Model validation with novel vectors

RFM was then used to predict the vector class of 4 new vectors belonging to 3 vector platforms: 2 batches of lentivirus (LV) vectors -a category of vaccine not represented during the model establishment, one new batch of AP205 (AP205_3) and one of MLV (MLV_2). We had independently determined that LV vectors induced strong antigen-specific T-cell responses after immunization and were classified in the “Strong” vector class (Fig 1). As shown in Tables 1 and 2A, these 4 bootstrapped datasets were classified as expected with high precision (>95%) while sensitivity and PPV of the model increased compared to the 9-vector model, especially the sensitivity for the “Weak” vector class now reaching 0.97 (from 0.89) with RFM. These results highlight that RFM (i) is not vaccine platform-dependent, (ii) correctly predicts a vector platform unknown to the model, and (iii) efficiently predicts both “Weak” and “Strong” vectors.

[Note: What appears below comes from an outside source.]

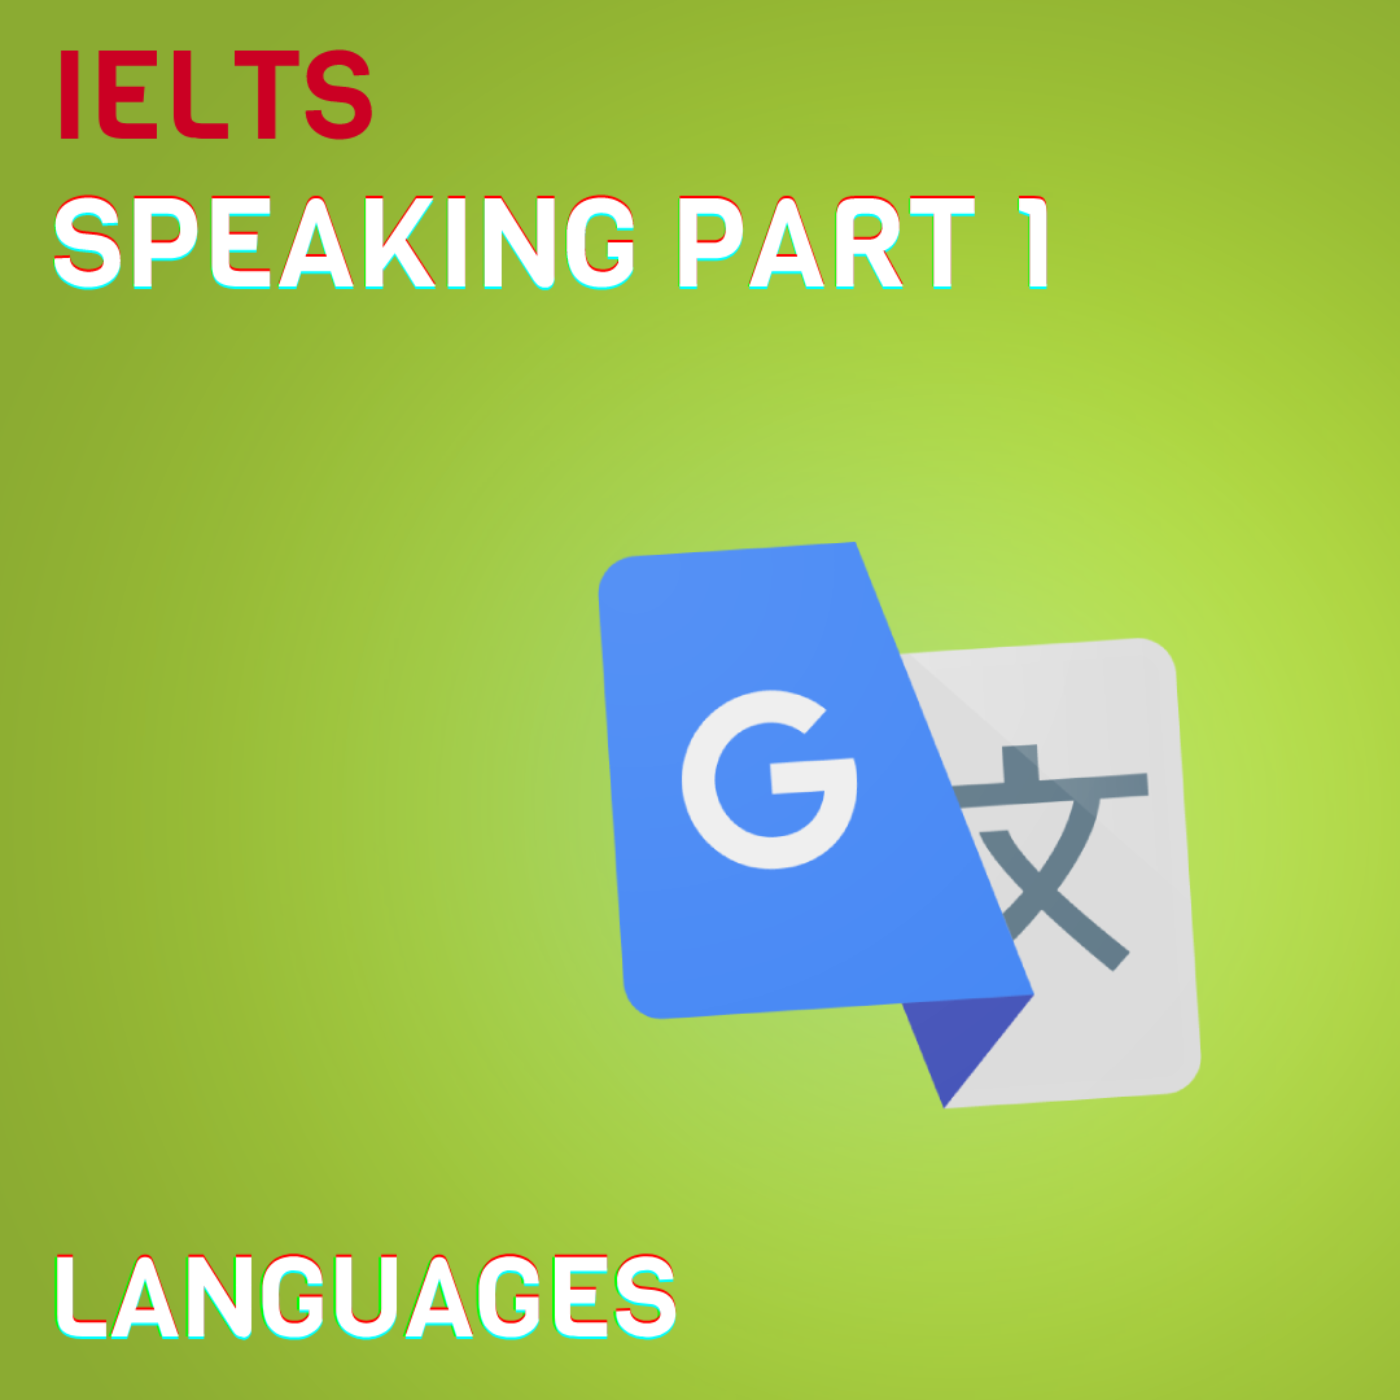 IELTS Speaking Part 1 - Languages (Answers and vocabulary)

Model prediction of whole spleen and PBMC data

RFM was built on transcriptome data obtained from sorted spleen DCs. In our next experiment, we assessed whether RFM would be sensitive enough to classify transcriptome datasets derived from whole spleen samples obtained 6 hours after immunization, where DCs represent 1–2% of total splenocytes. As summarized in Table 2B, all bootstrapped datasets from whole spleens were well classified, with at least 91% of the expected classification, thus demonstrating our model’s sensitivity in classifying vectors in whole spleen transcriptome datasets.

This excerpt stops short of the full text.